El déficit comercial de dimensiones estratosféricas, equivalente a la cifra récord de 432.000 millones de euros, registrado por la Unión Europea en 2022 deriva en parte, nada irrelevante, de la degradación del «viejo continente» a un papel meramente auxiliar respecto a la USA y sus estrategias y corre el riesgo de cristalizar por las mismas razones hasta asumir un carácter estructural. Con el resultado de comprimir el tipo de cambio del euro frente al dólar, recortando el poder adquisitivo de los trabajadores europeos y obligando a los gobiernos a recortar aún más el gasto público. Es decir, adoptar programas inspirados en el modelo desarrollado recientemente por el ejecutivo liderado por Olaf Scholz, incluyendo una drástica reducción de fondos para todos los sectores con excepción del militar. Una maniobra presupuestaria tildada por el economista Marcel Fratzscher de «económicamente imprudente, antisocial y estratégicamente contraproducente», pero en cierta medida necesaria por la crítica situación financiera de Alemania.
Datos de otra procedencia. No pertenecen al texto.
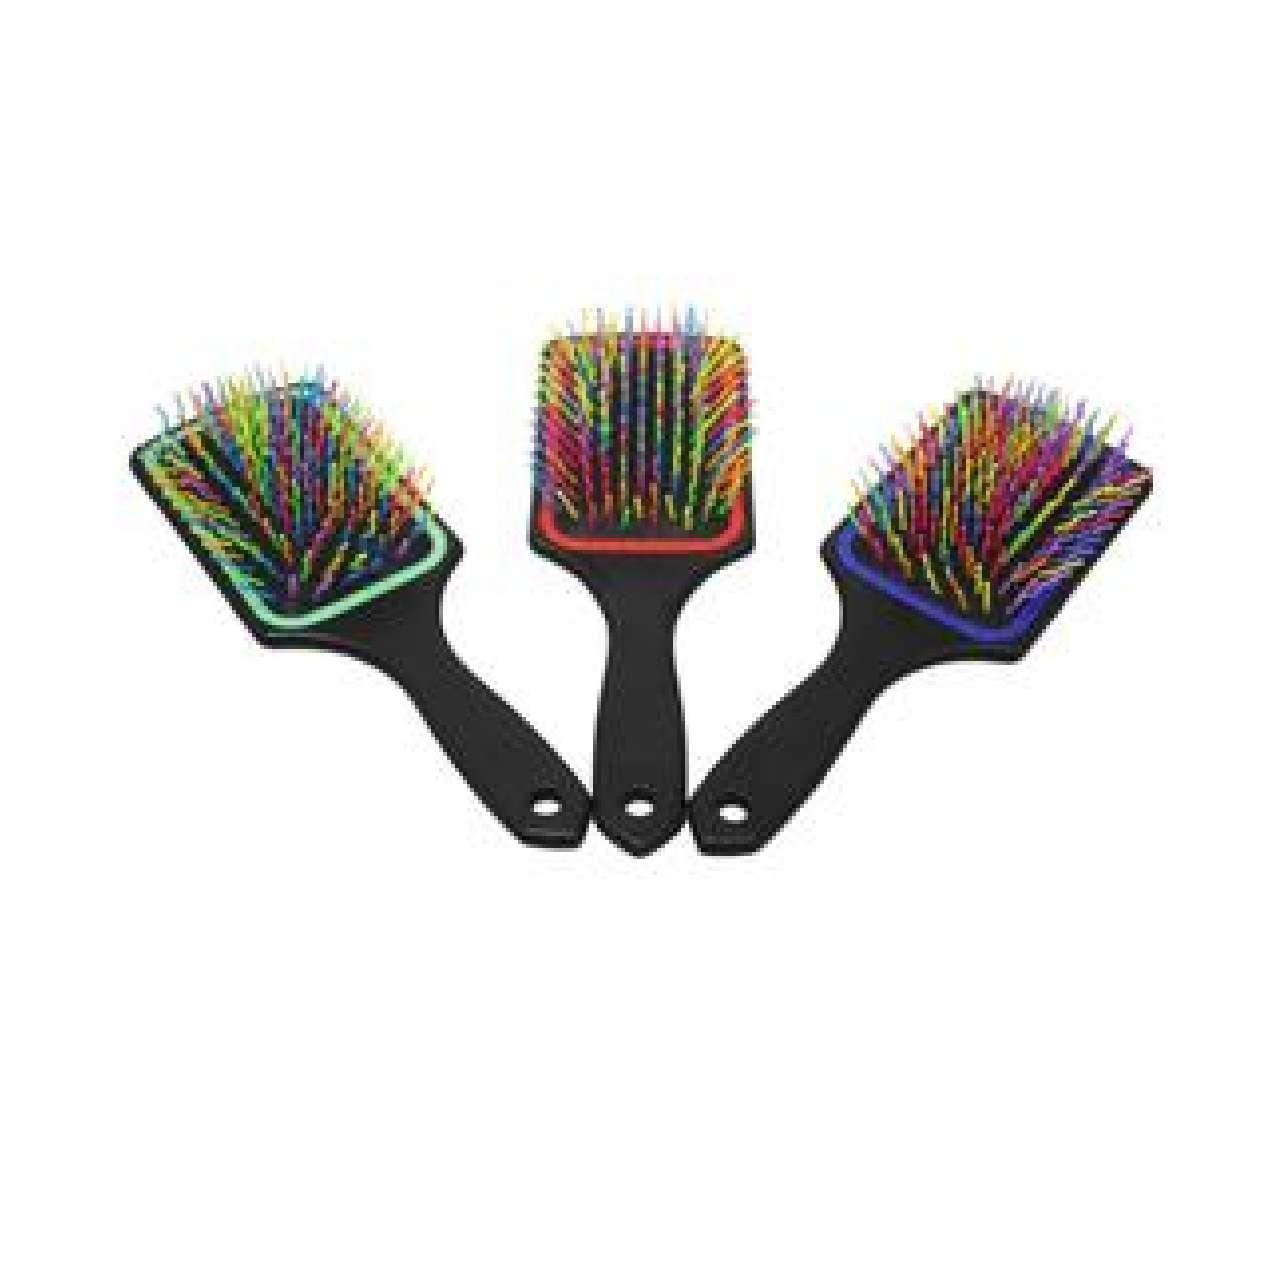 1 Frizzly Hair Brush Mens Ladies Tangle Free Multicoloured Hair Brush 24cm x 8cm
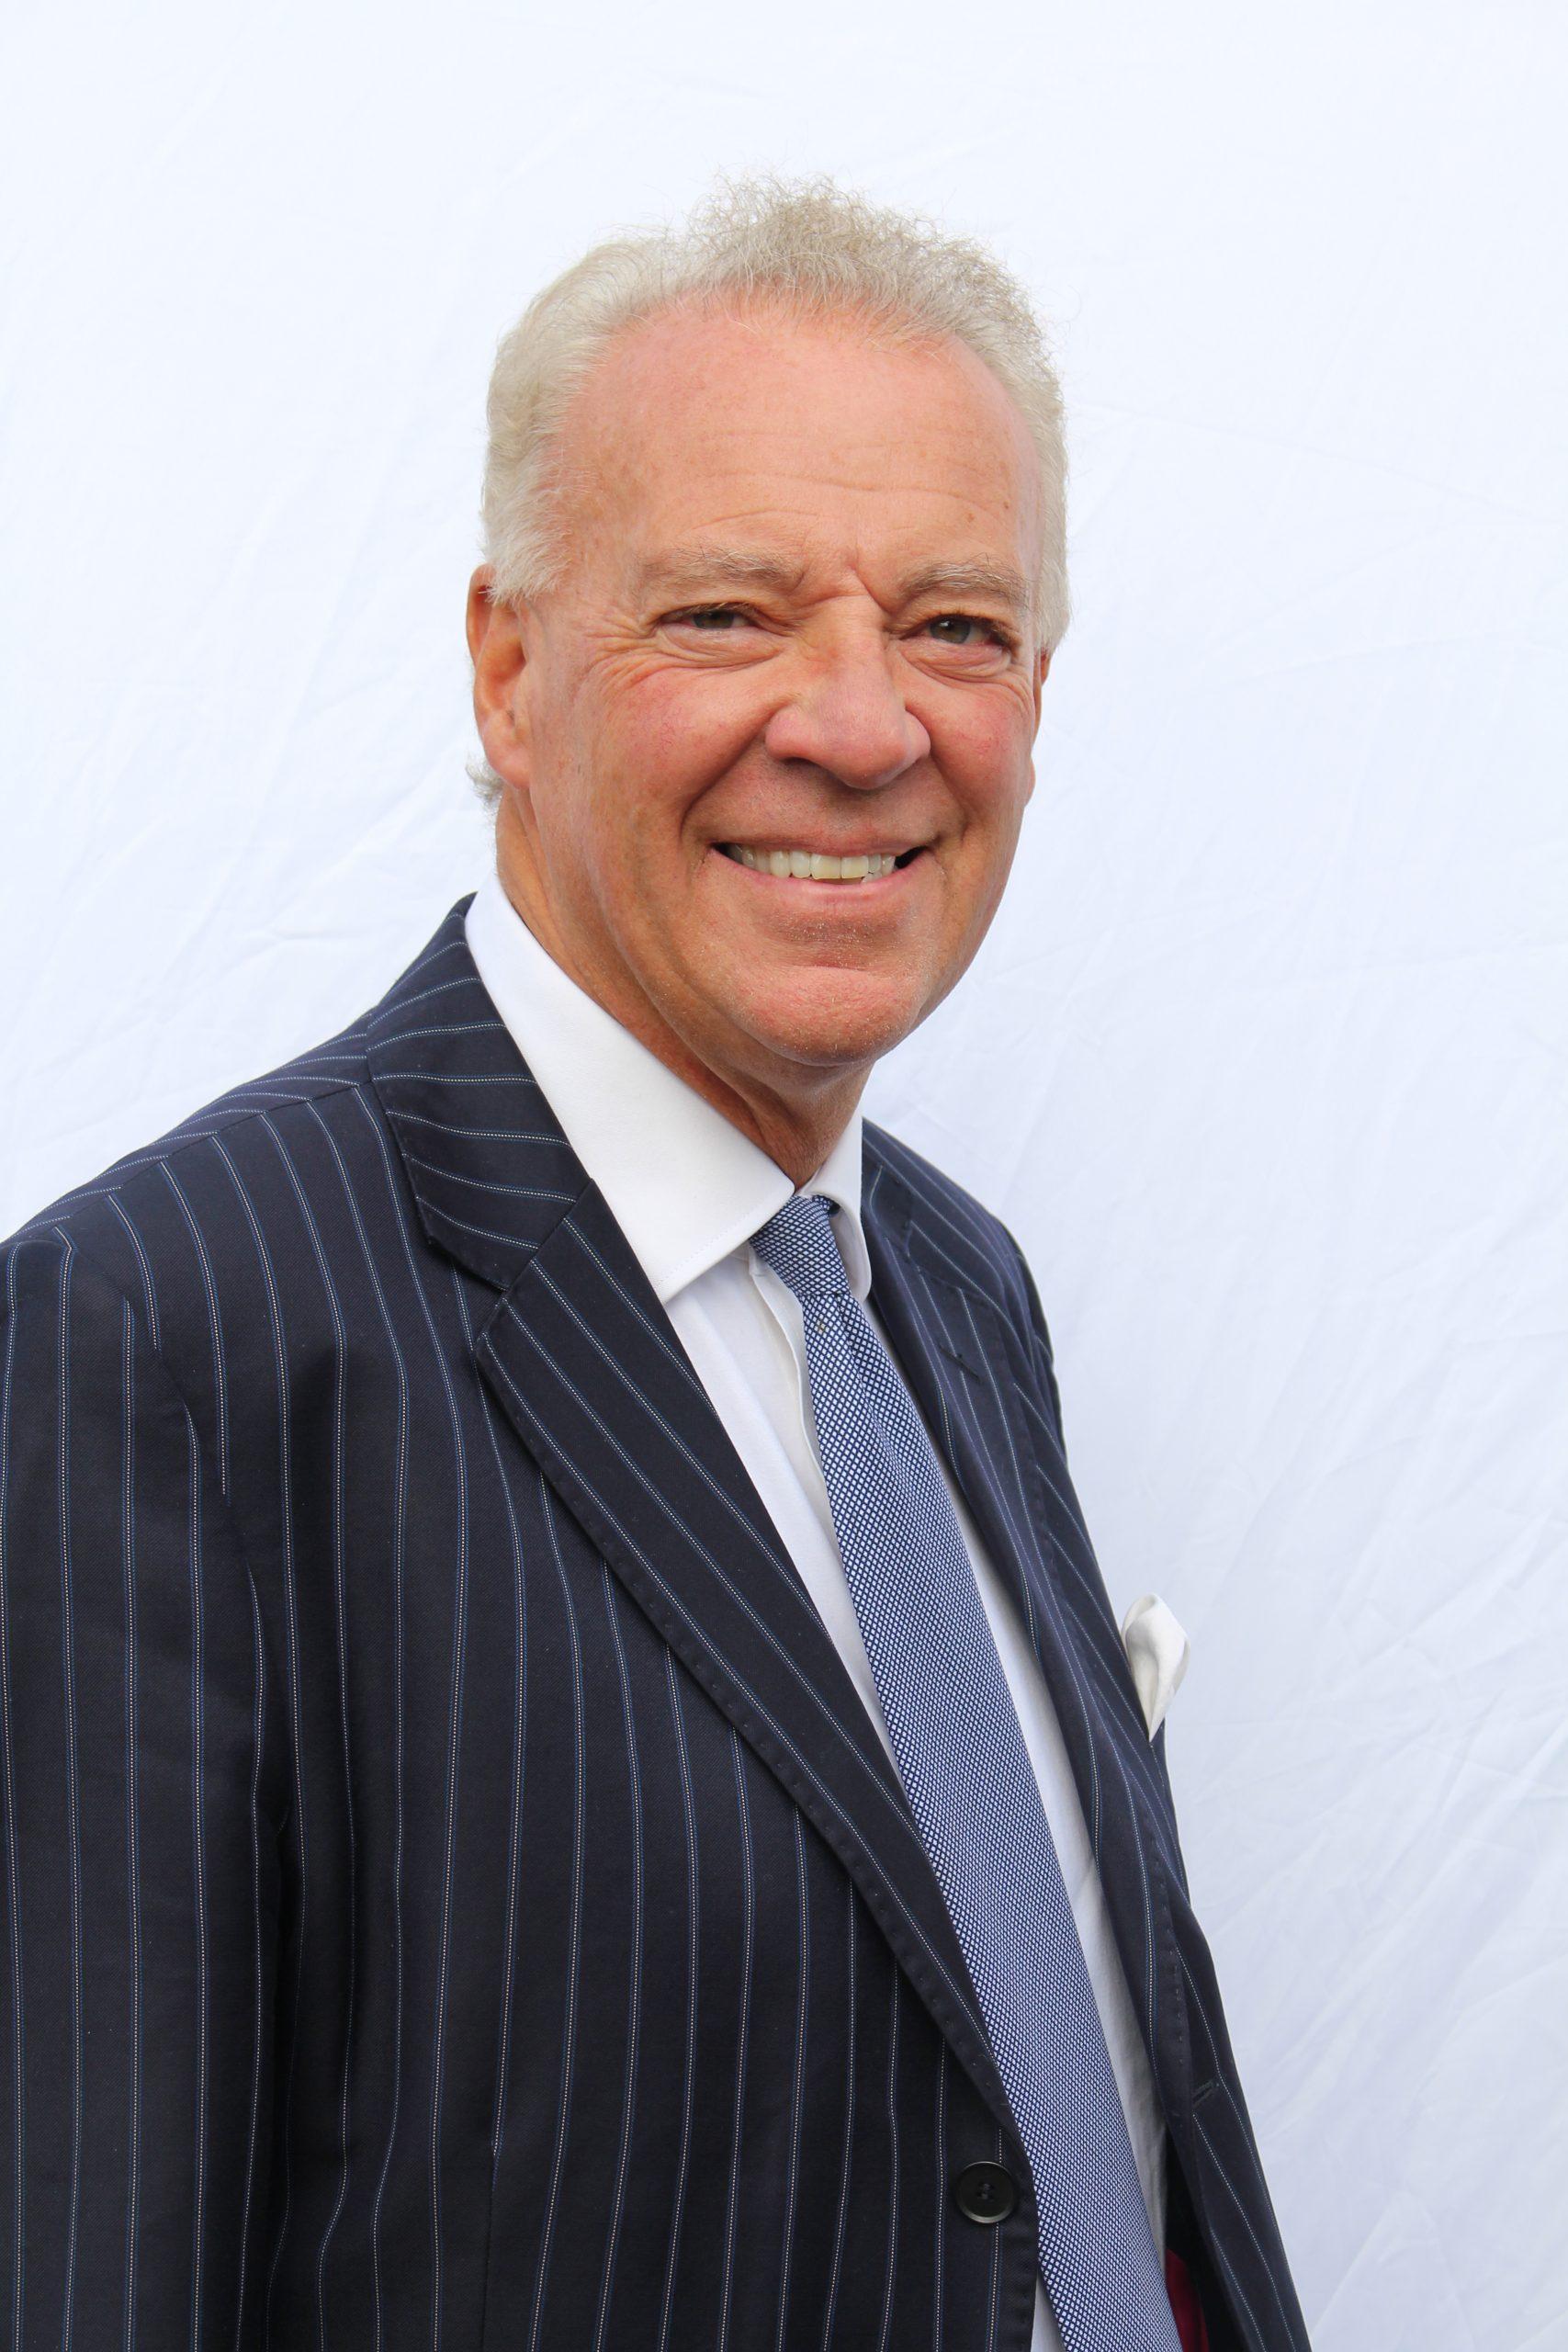 Leader of Rushcliffe Borough Council Cllr Simon Robinson scaled

Así se desprende claramente de las declaraciones realizadas el pasado mes de junio por el ministro de Hacienda alemán, Christian Lindner, al diario Die Welt, según las cuales el país no está en condiciones de destinar contribuciones adicionales al presupuesto de la Unión Europea. También porque podría verse obligado a organizar una operación de rescate para el Bundesbank, guardián histórico de la ortodoxia ordoliberal que carga con pérdidas de más de 650.000 millones de euros relacionadas con la depreciación de los bonos del Estado en su poder, que se produjo como consecuencia del aumento progresivo de las tasas de interés por parte del Banco Central Europeo, un efecto reflejo de lo que llevó a la bancarrota al First Republic Bank, al Silicon Valley Bank y otros prestamistas estadounidenses.
Para la «locomotora europea», y a cambio de toda la «periferia fordista» transnacional firmemente integrada en la cadena de valor alemana, se avecinan tiempos bastante sombríos.